* DIRECTIONS FOR THIS TASK *
Omit any picture, and return the remaining data exactly as written.

* DATASET SECTION *

==================================================

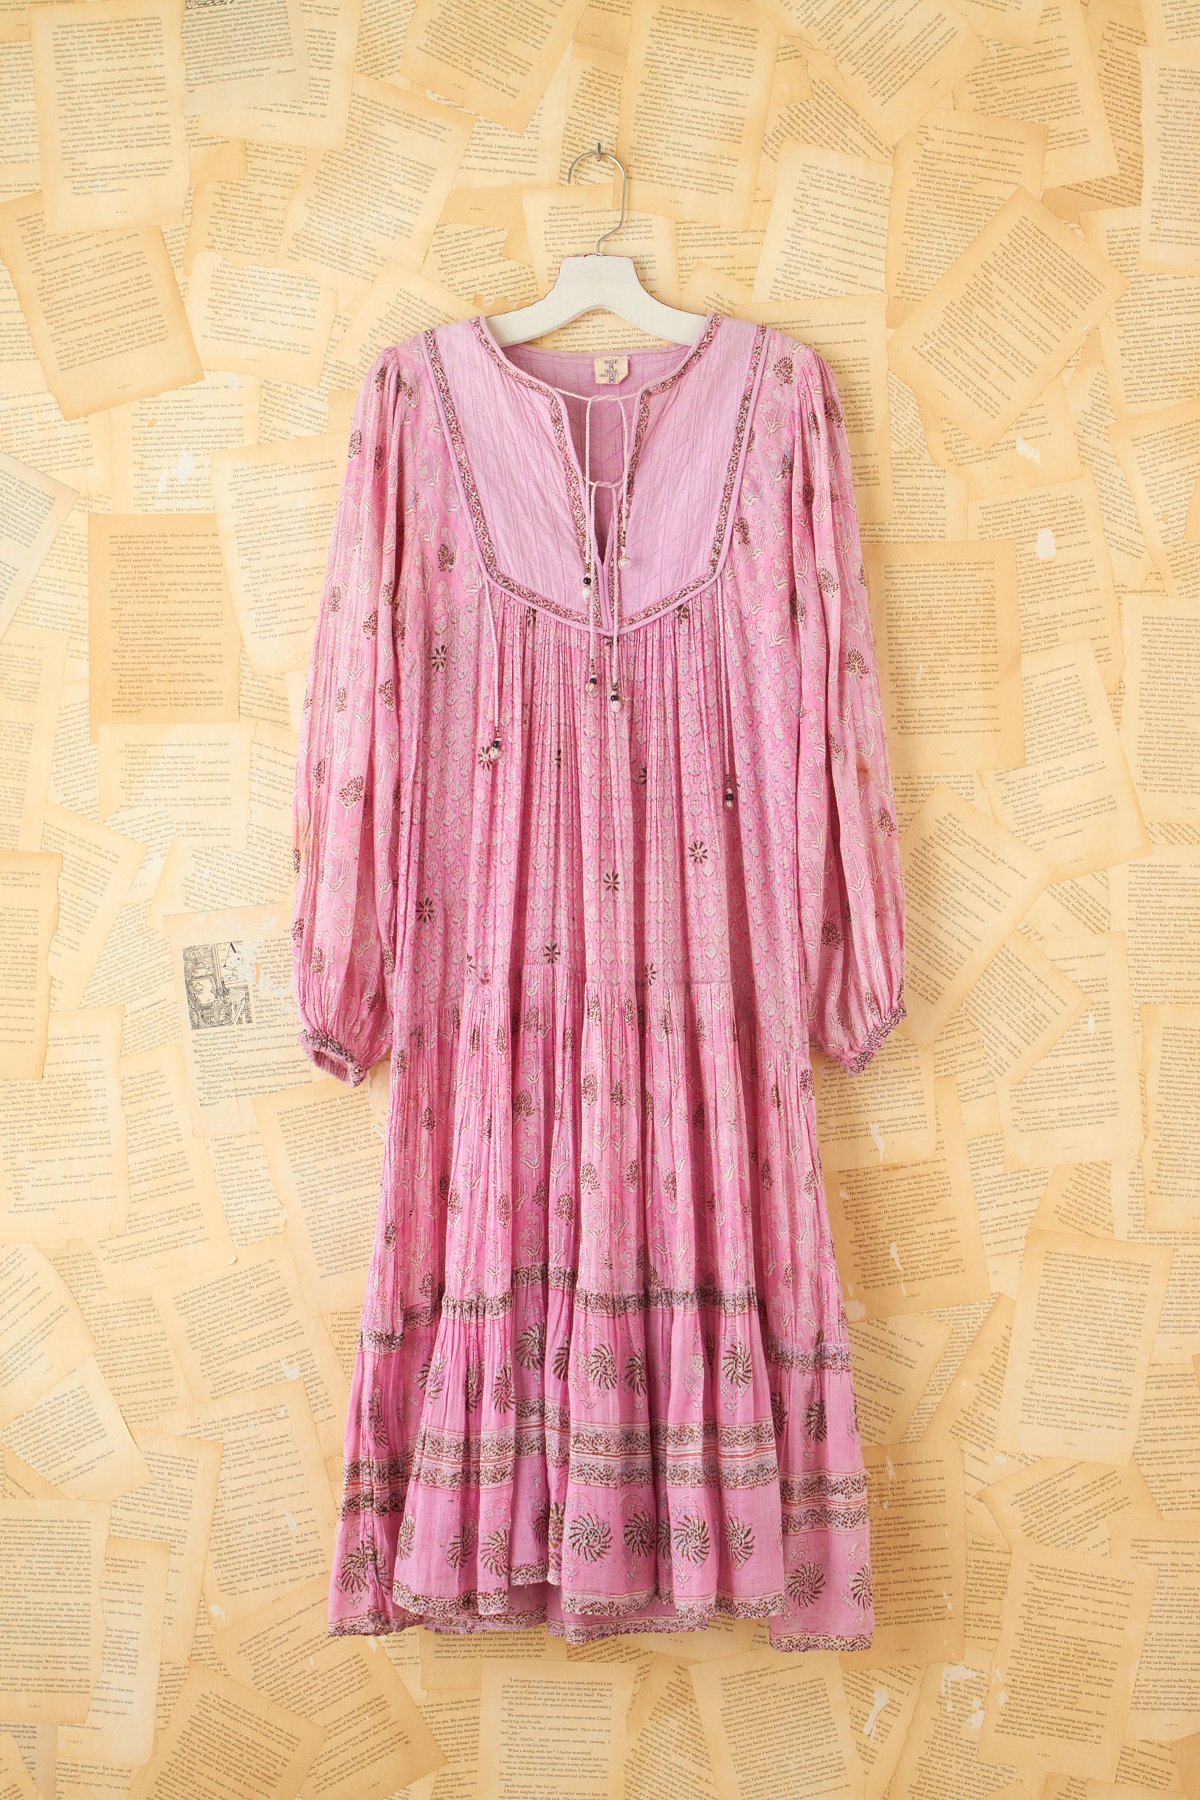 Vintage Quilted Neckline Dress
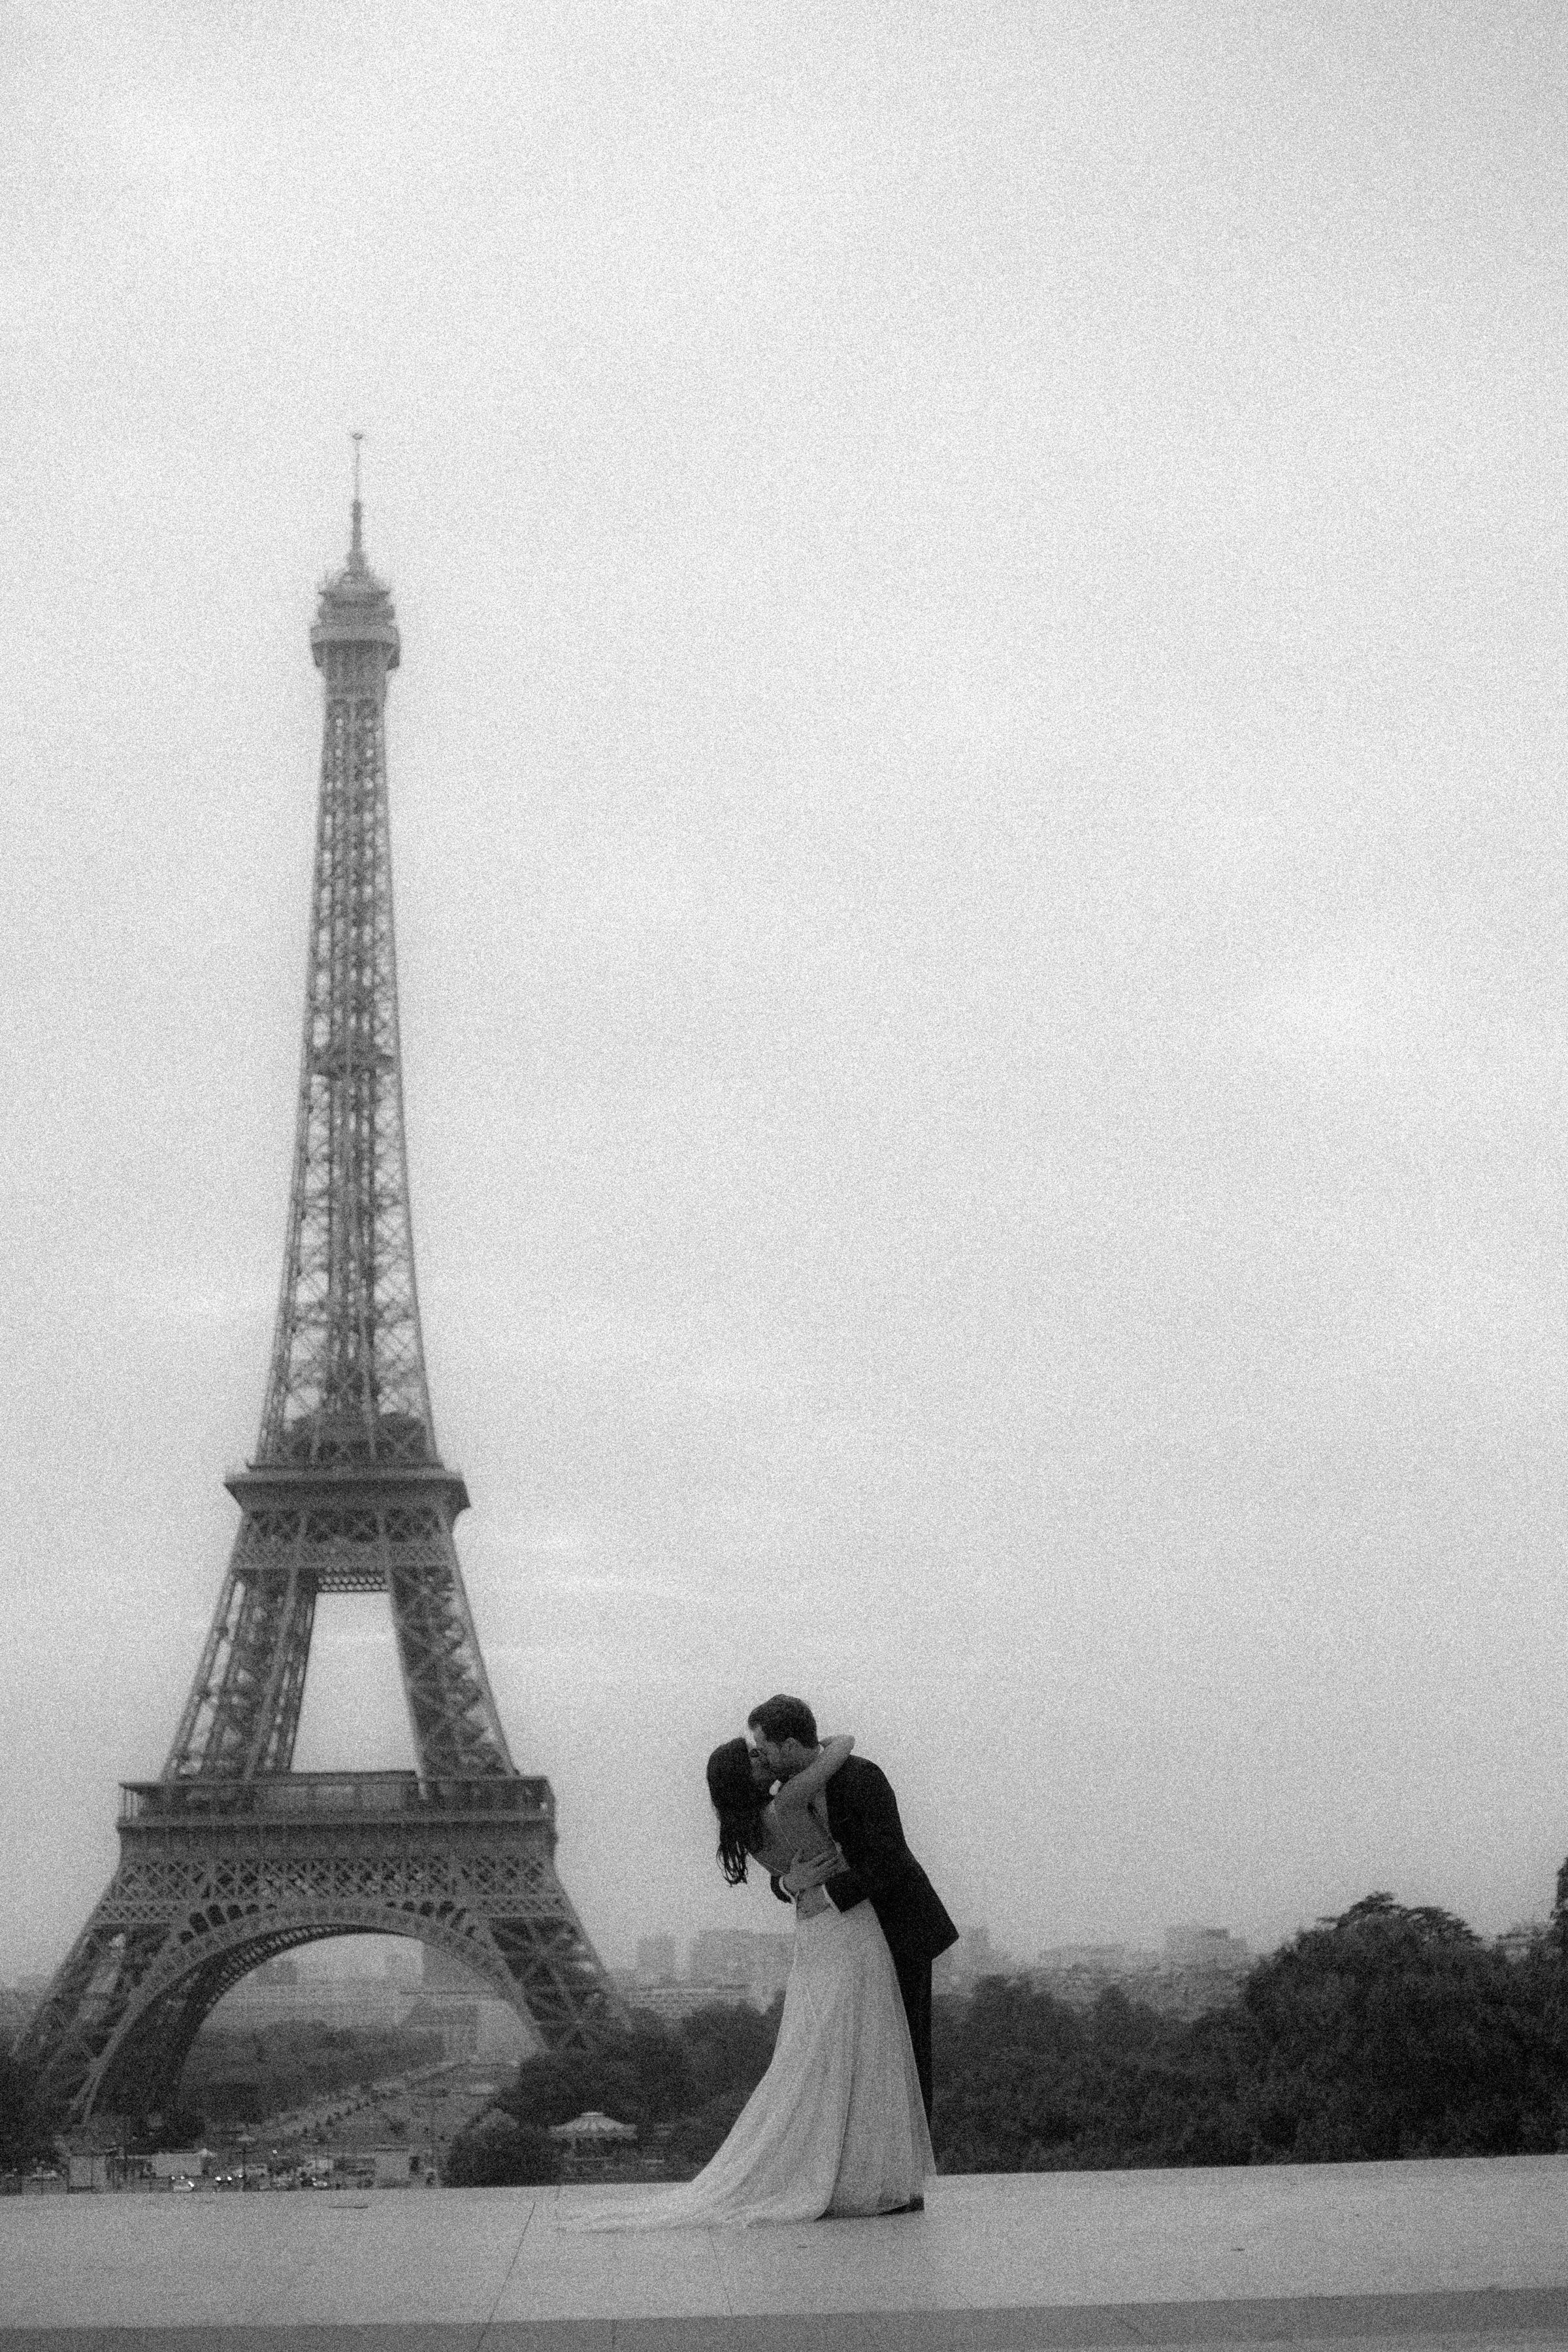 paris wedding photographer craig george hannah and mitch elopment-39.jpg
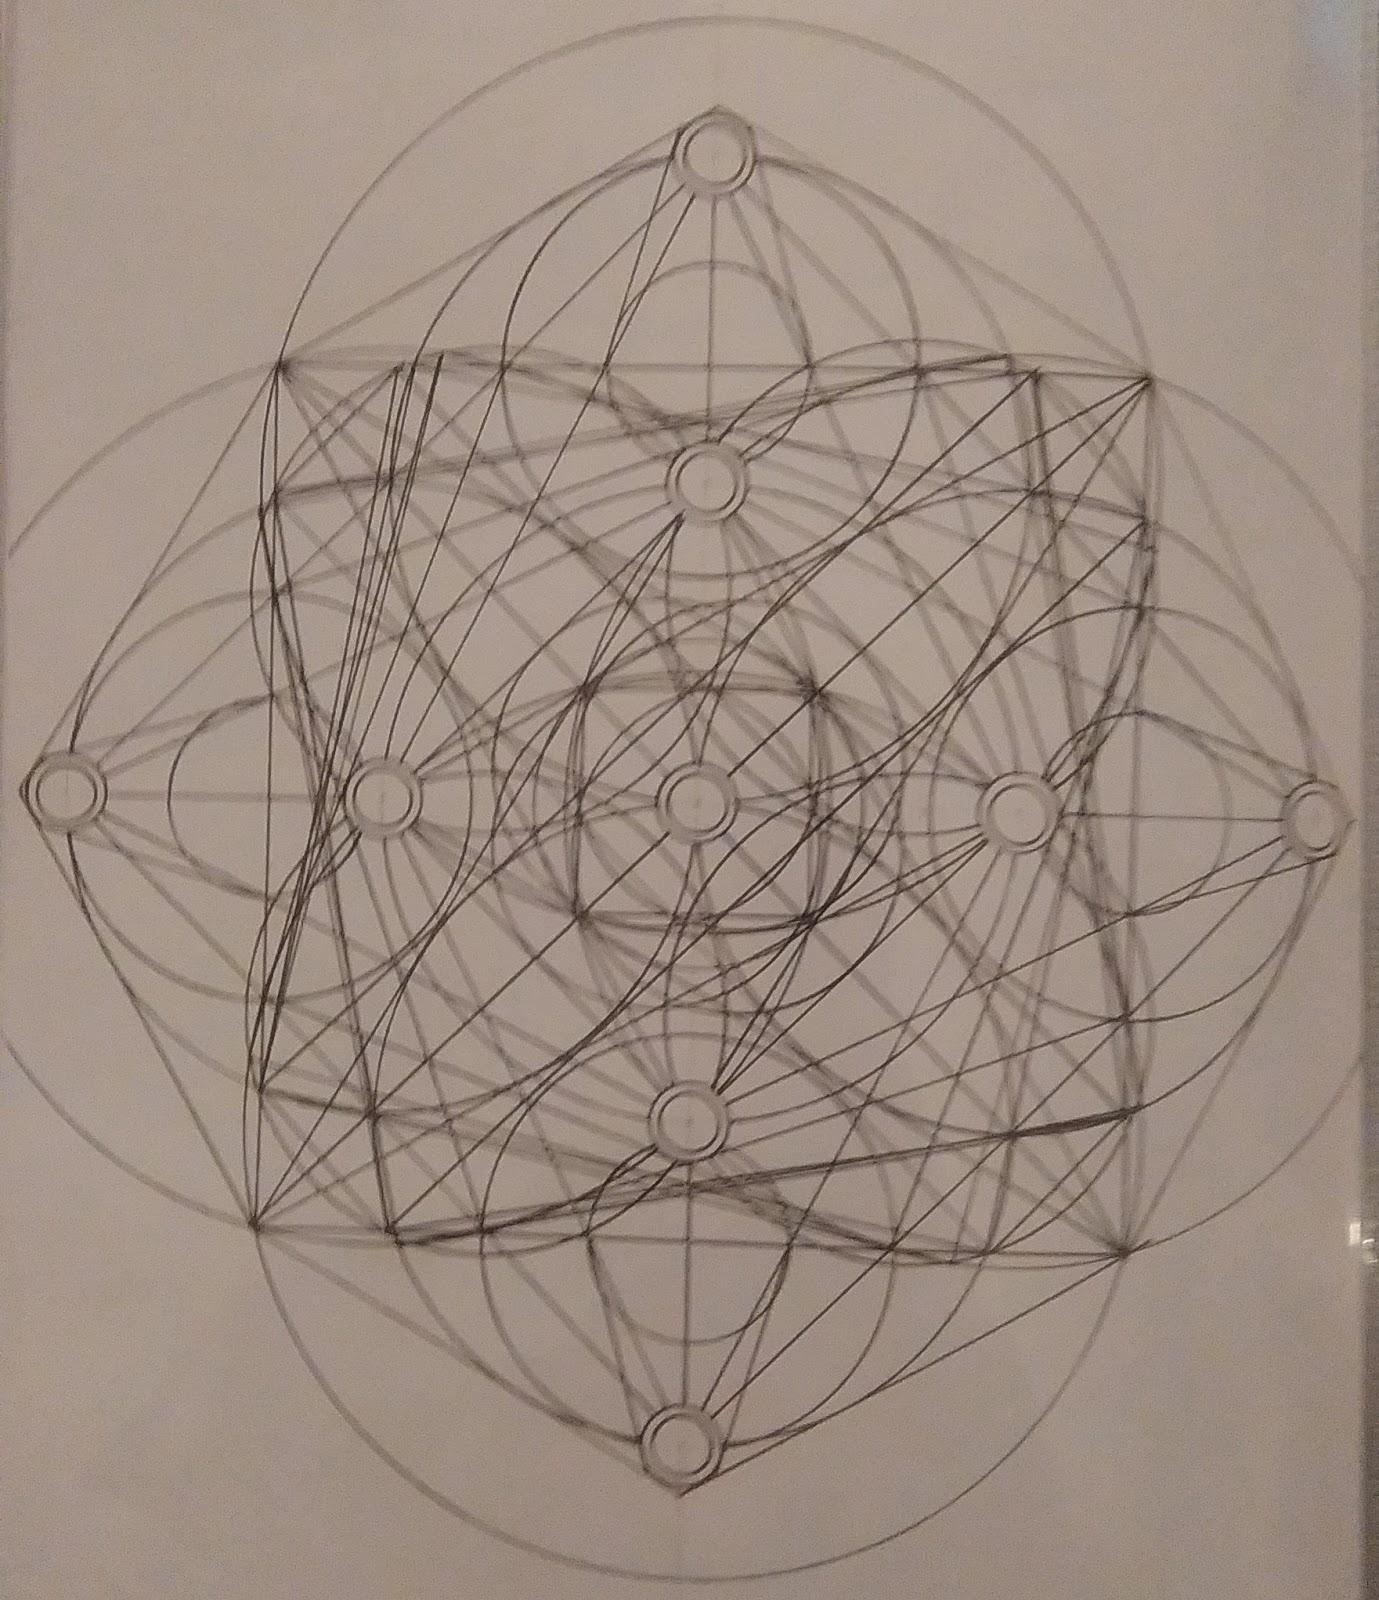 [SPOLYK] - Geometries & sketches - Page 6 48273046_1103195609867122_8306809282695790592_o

==================================================

* YOUR SOLUTION *
 Vintage Quilted Neckline Dress
 paris wedding photographer craig george hannah and mitch elopment-39.jpg
 [SPOLYK] - Geometries & sketches - Page 6 48273046_1103195609867122_8306809282695790592_o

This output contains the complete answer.